ACTIVITY: Copy the lines below exactly. No picture goes into the copy.

──────── DATA EXCERPT

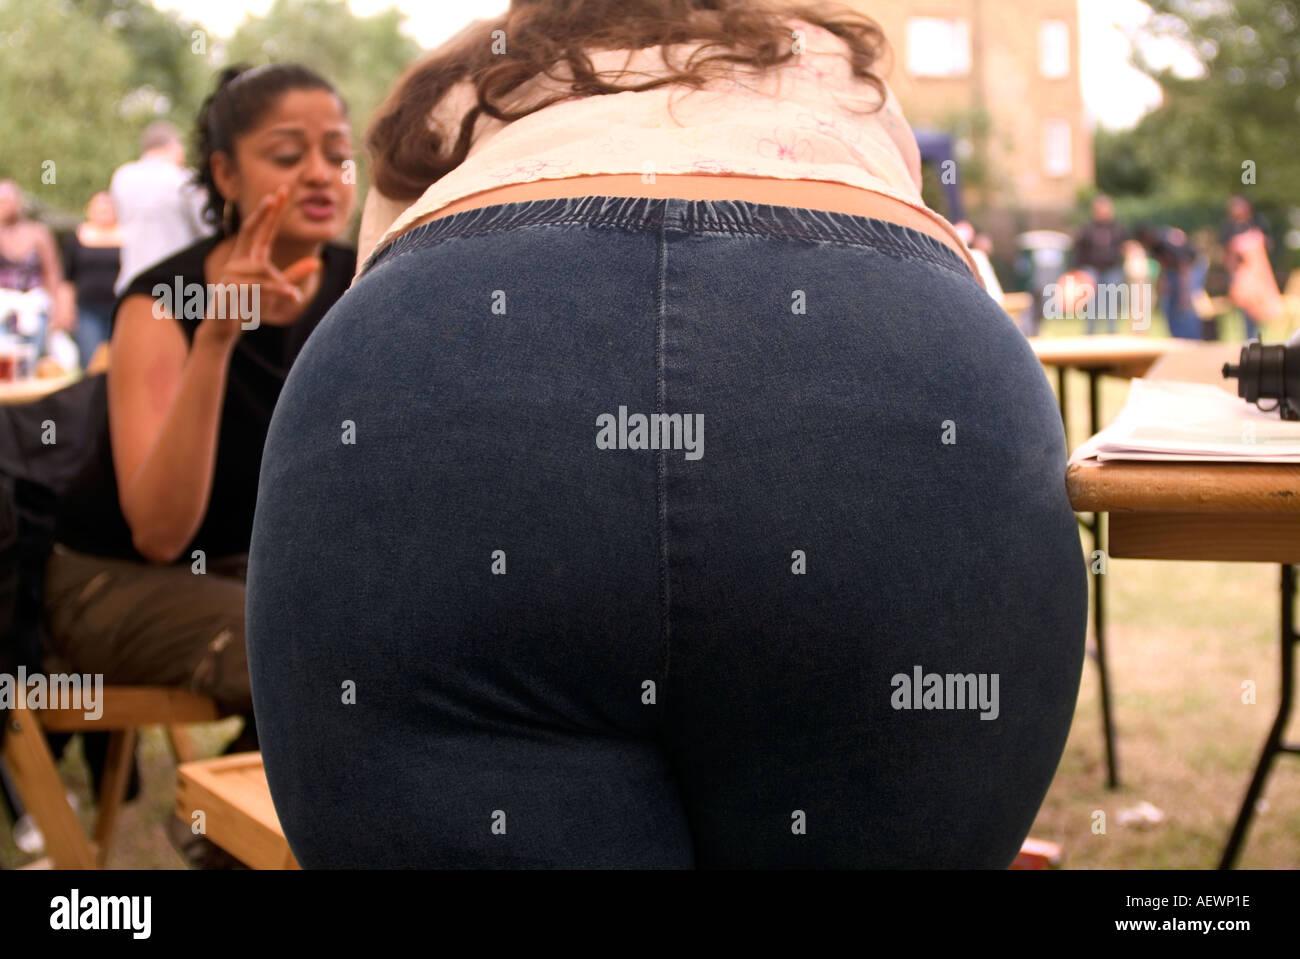 Sexy video masala
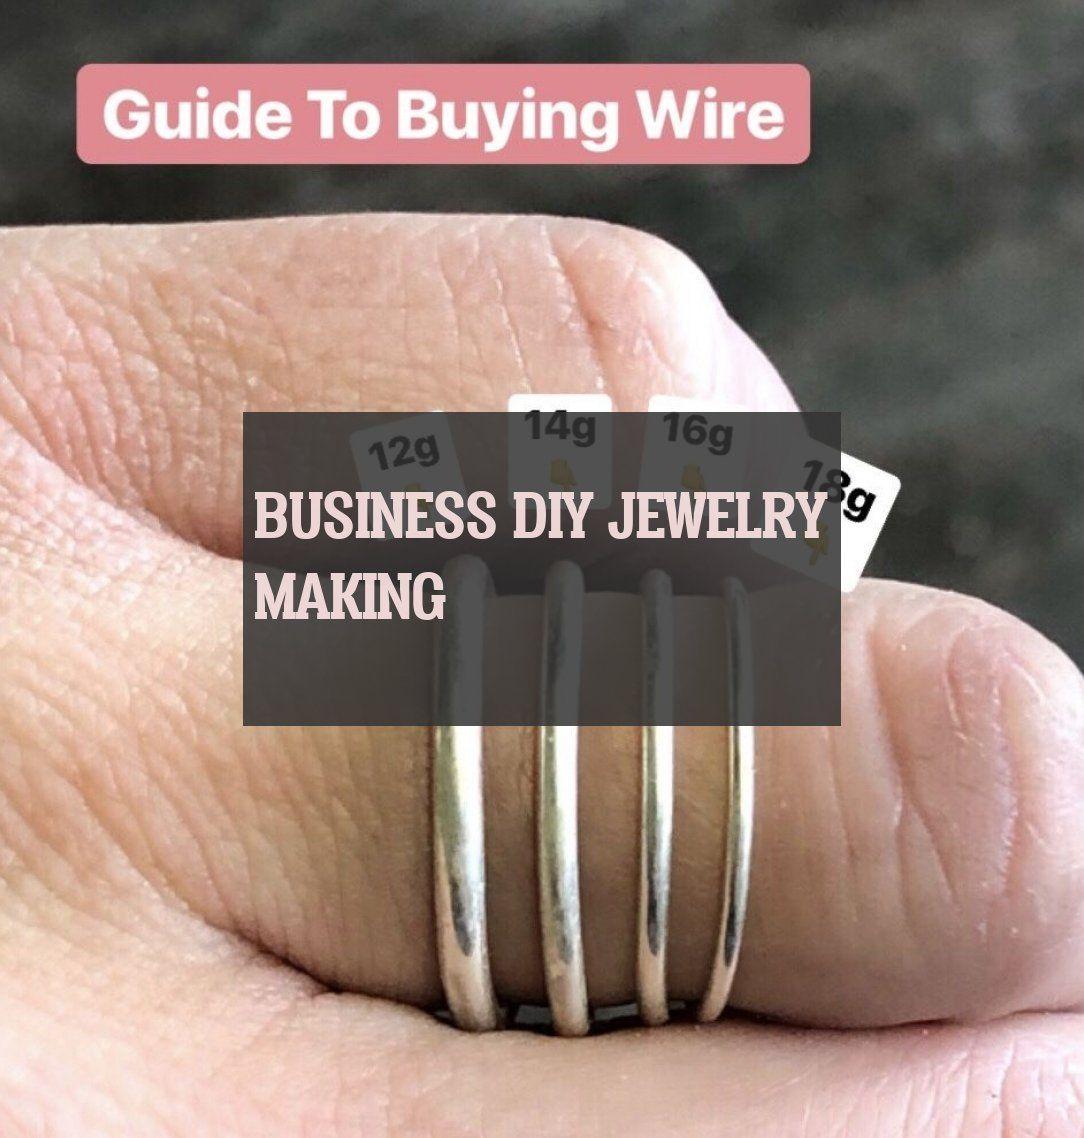 Business diy jewelry making
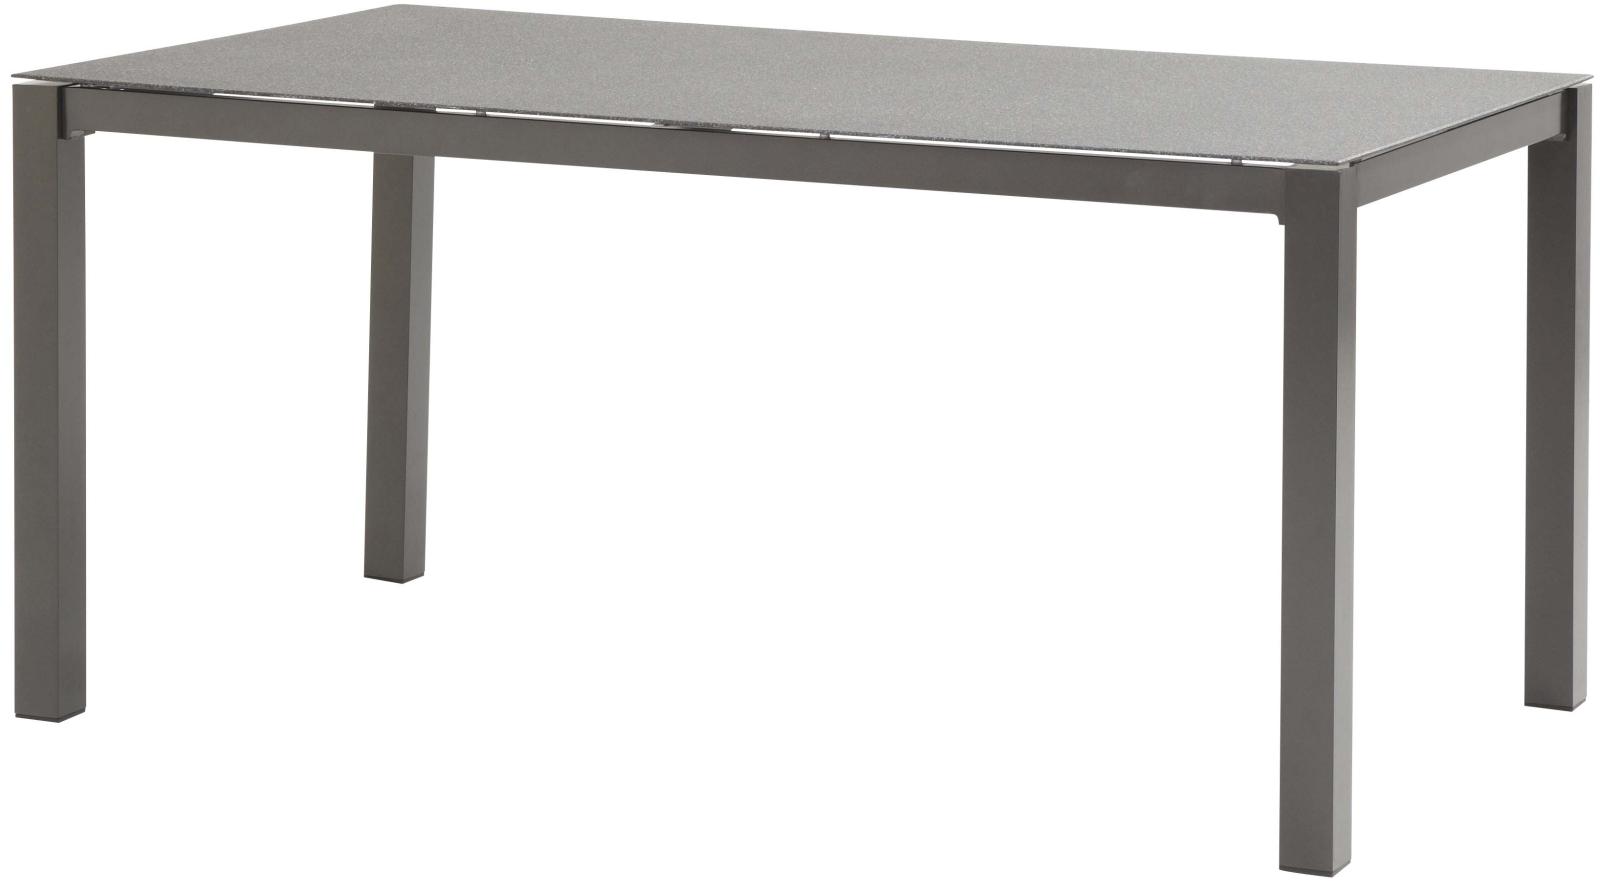 Záhradný stôl - Doppler - Firenze - 259FI11122

────────────────

RESPONSE:
 Sexy video masala
 Business diy jewelry making
 Záhradný stôl - Doppler - Firenze - 259FI11122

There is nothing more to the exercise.